**WHAT YOU ARE ASKED TO DO:** What are the lines below, starting at the line containing "Điểm bất động" and ending at the line containing "Barjeel Uno MSA-119"? Write them out exactly, ends included, without pictures.

**DATASET CONTENT:**
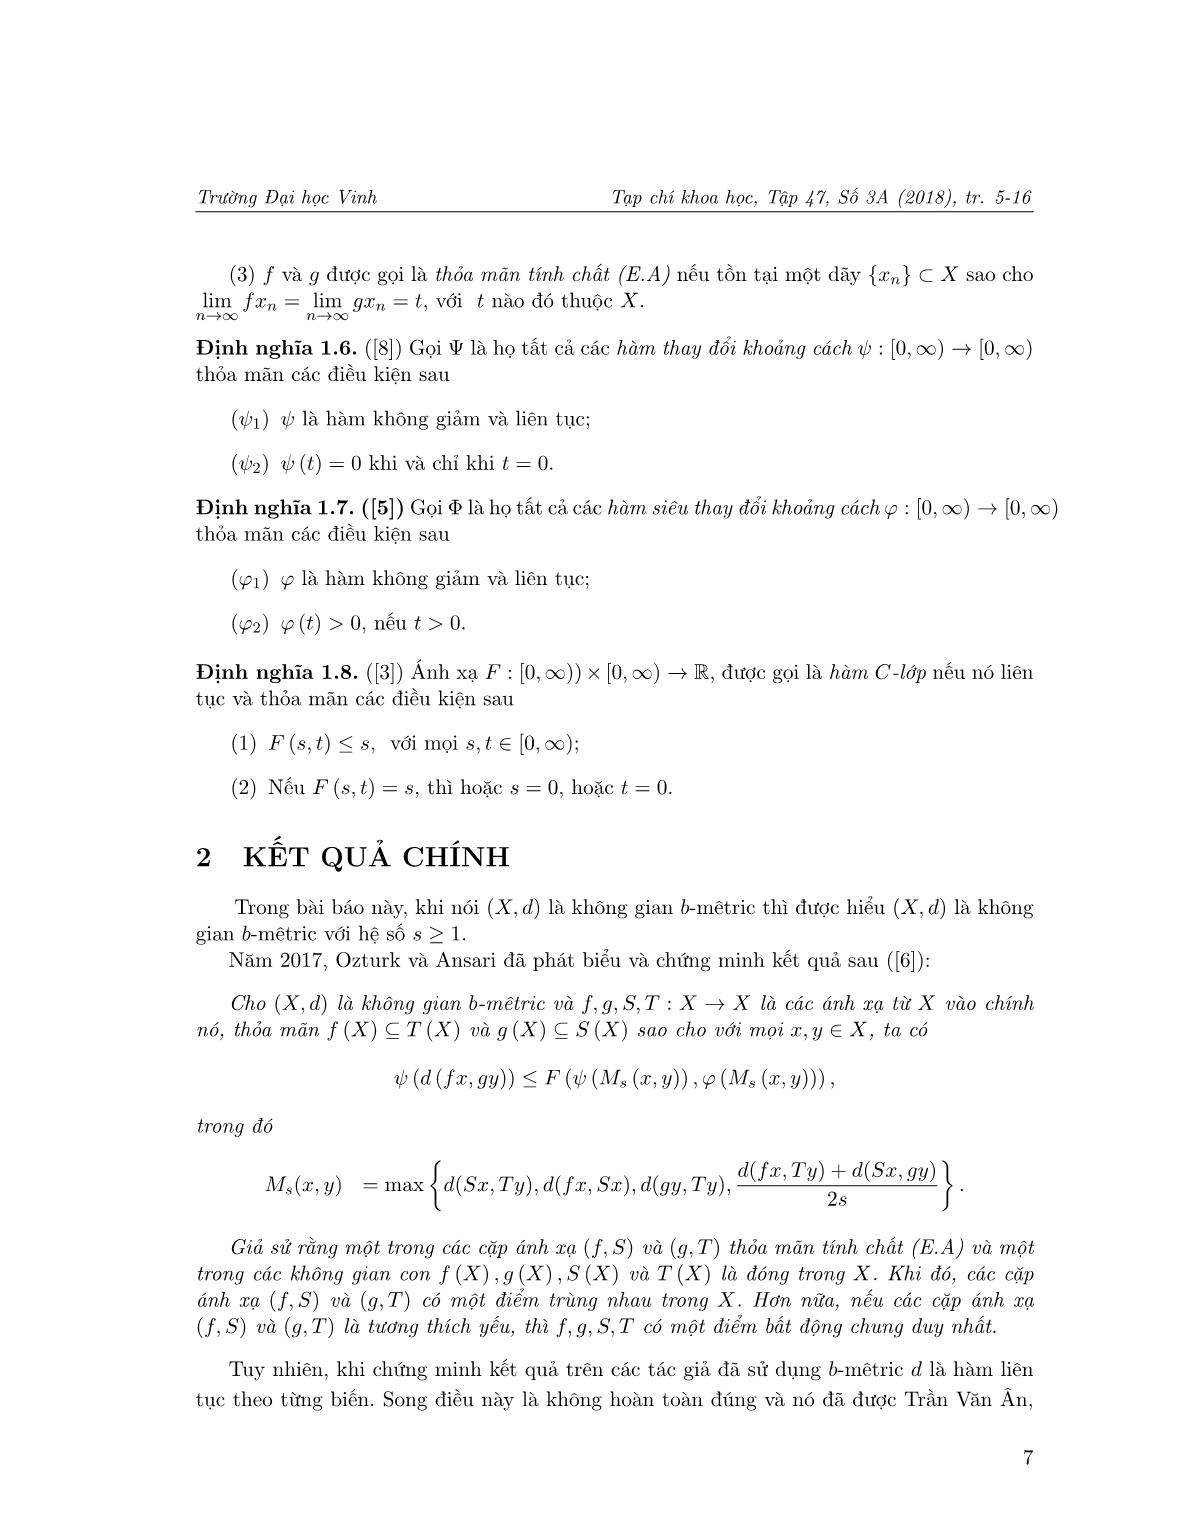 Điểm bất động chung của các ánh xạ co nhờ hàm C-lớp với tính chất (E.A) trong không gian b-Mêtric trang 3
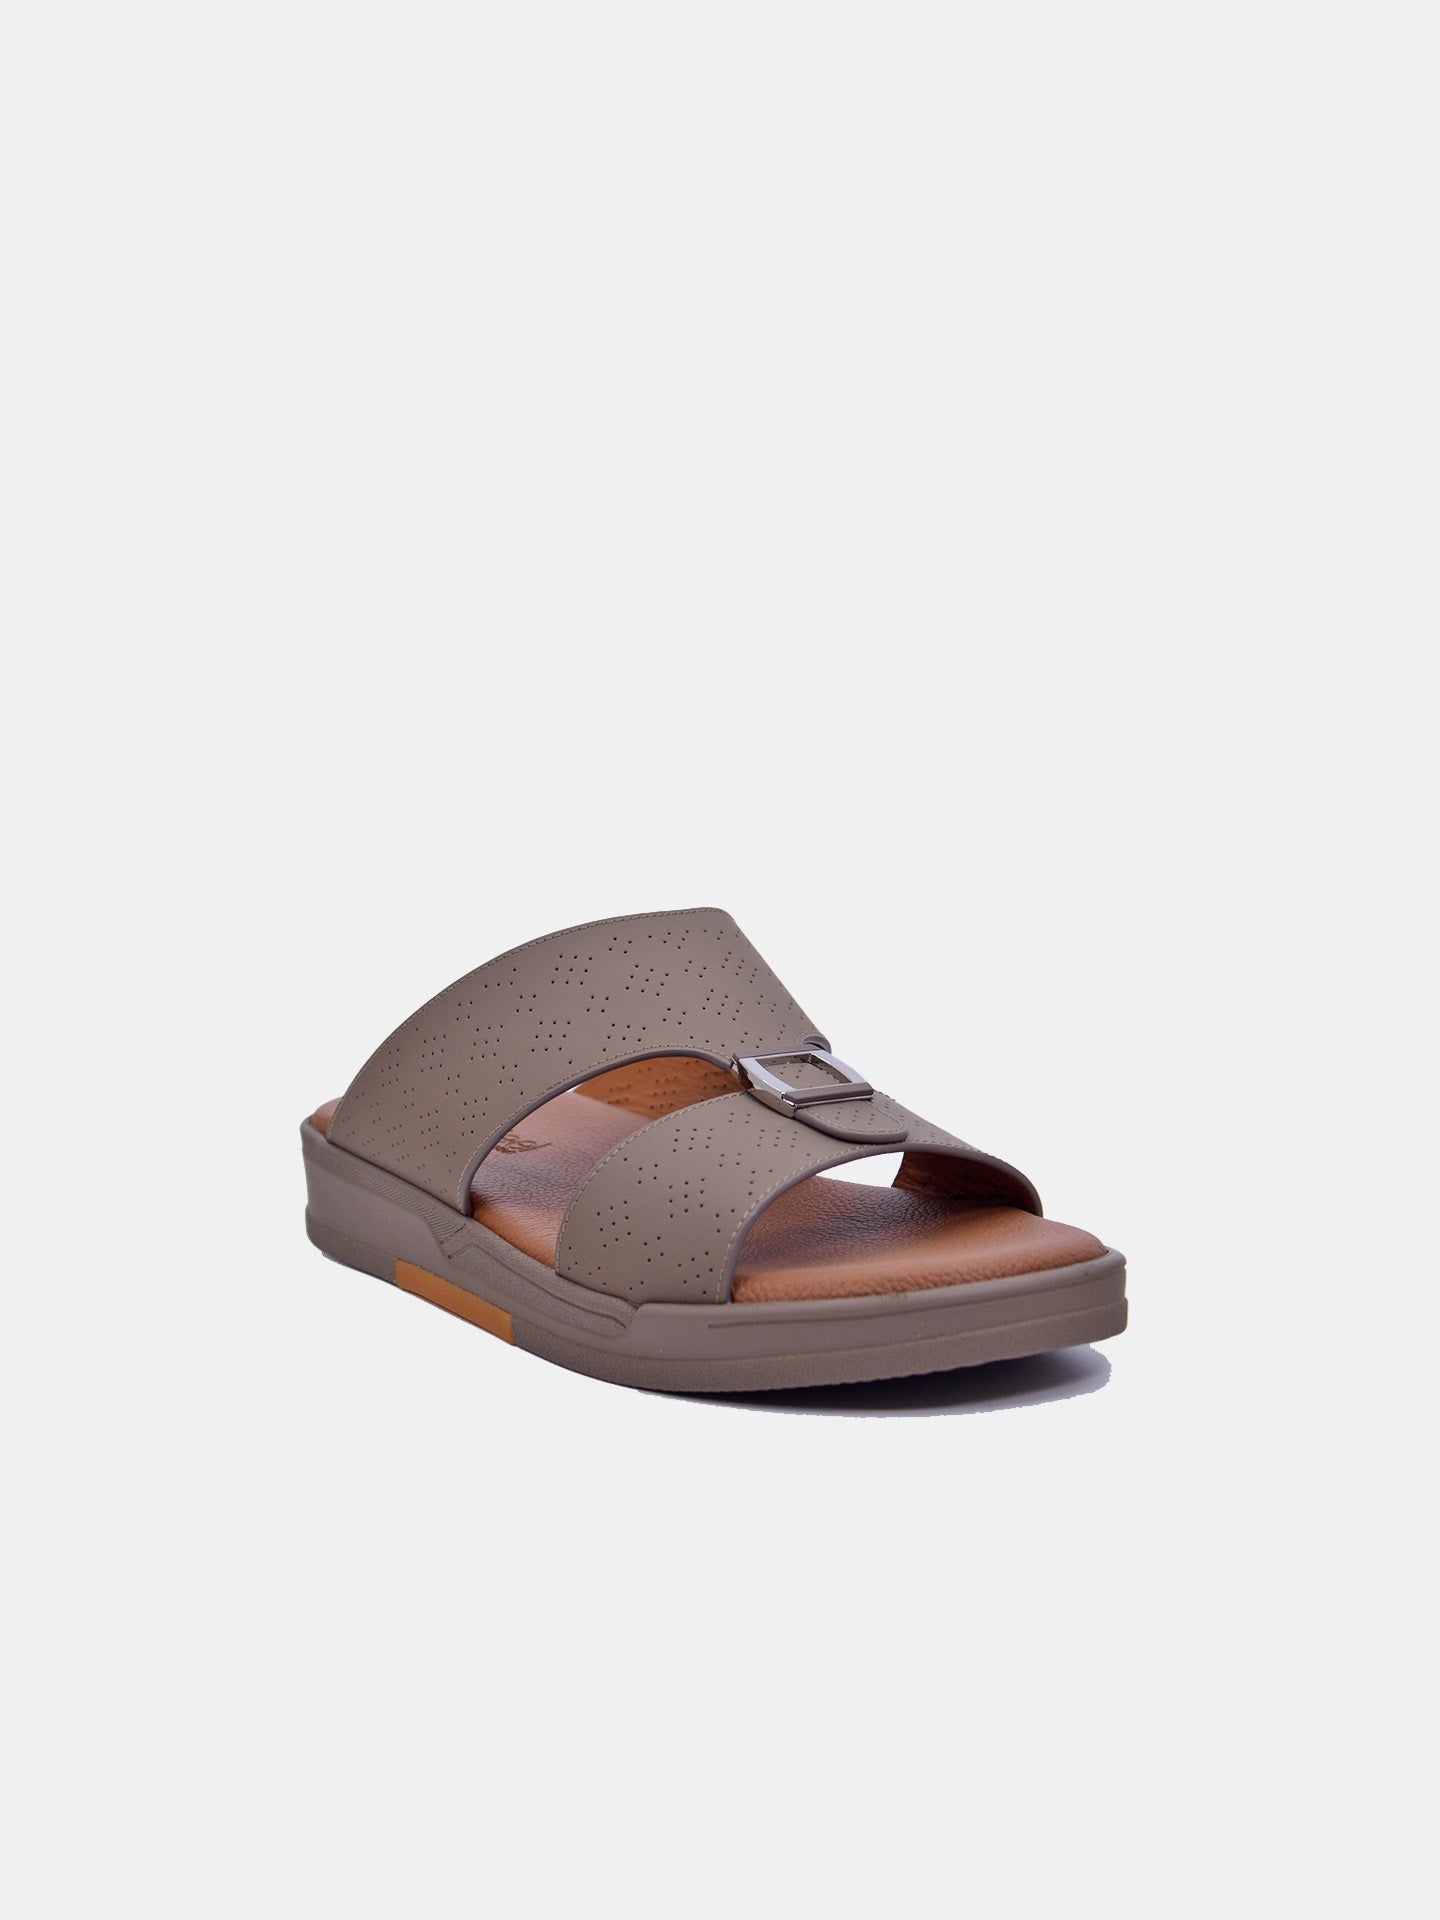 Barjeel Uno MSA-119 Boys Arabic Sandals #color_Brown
* * *
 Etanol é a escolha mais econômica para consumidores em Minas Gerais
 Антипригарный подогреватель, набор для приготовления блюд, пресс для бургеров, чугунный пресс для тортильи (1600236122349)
...
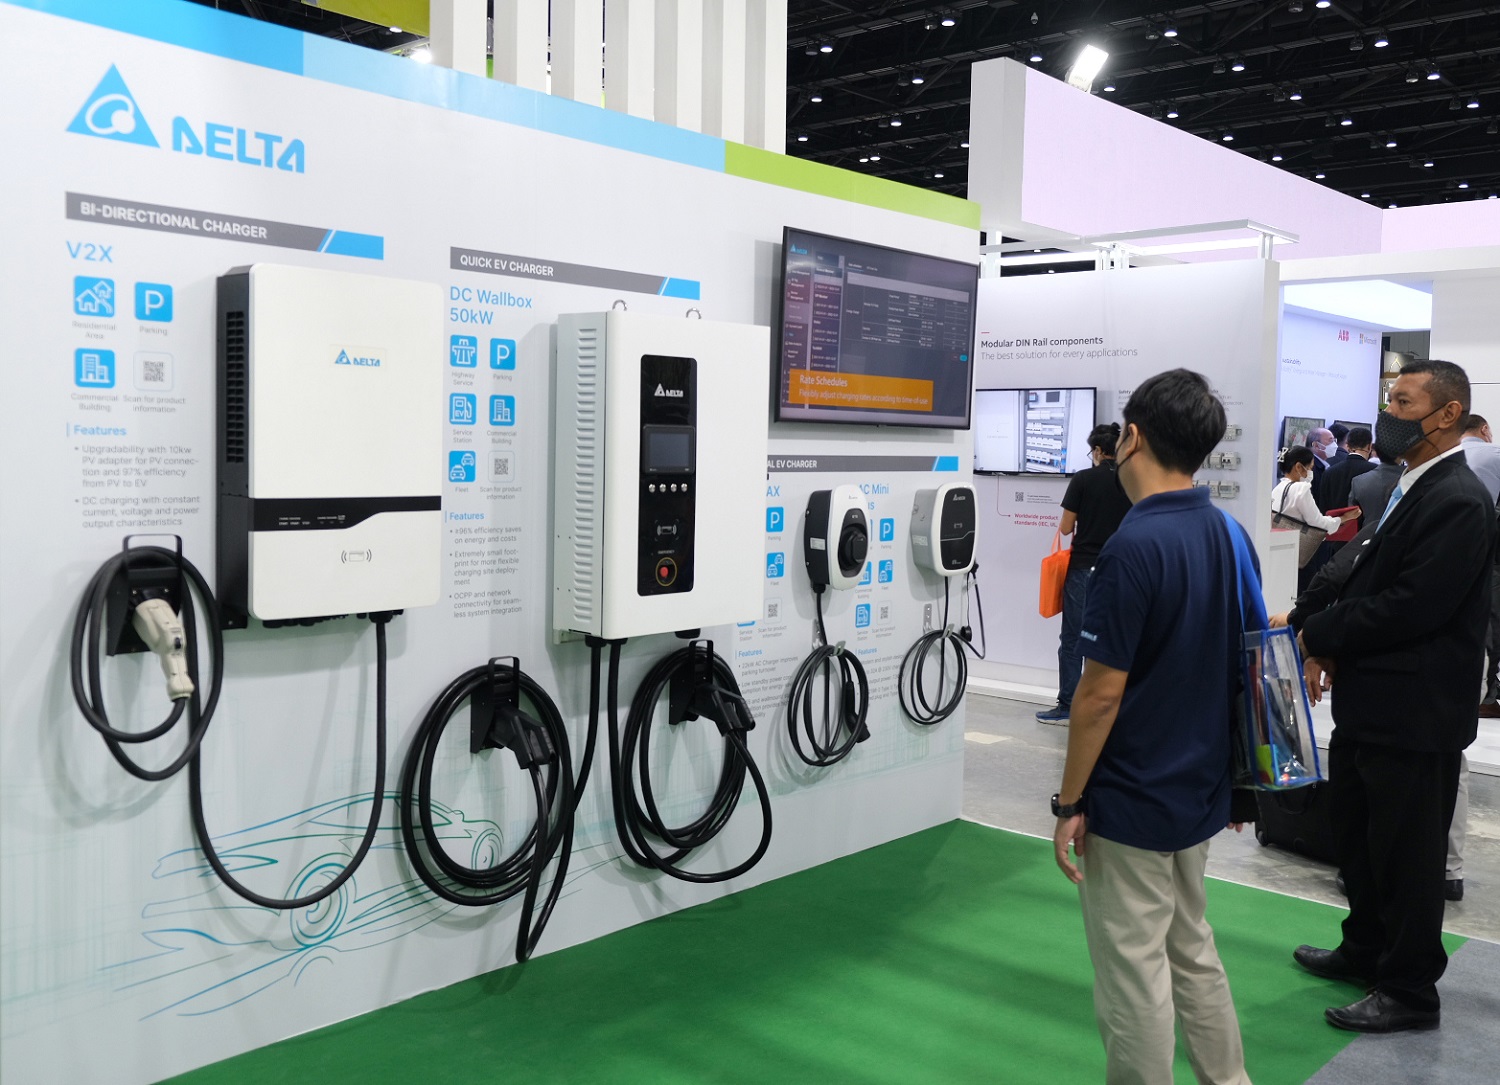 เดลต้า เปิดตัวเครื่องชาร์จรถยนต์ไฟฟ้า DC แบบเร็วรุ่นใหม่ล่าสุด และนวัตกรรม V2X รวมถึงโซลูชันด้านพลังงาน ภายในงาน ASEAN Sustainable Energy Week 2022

**RESPONSE:**
 Điểm bất động chung của các ánh xạ co nhờ hàm C-lớp với tính chất (E.A) trong không gian b-Mêtric trang 3
 Barjeel Uno MSA-119 Boys Arabic Sandals #color_Brown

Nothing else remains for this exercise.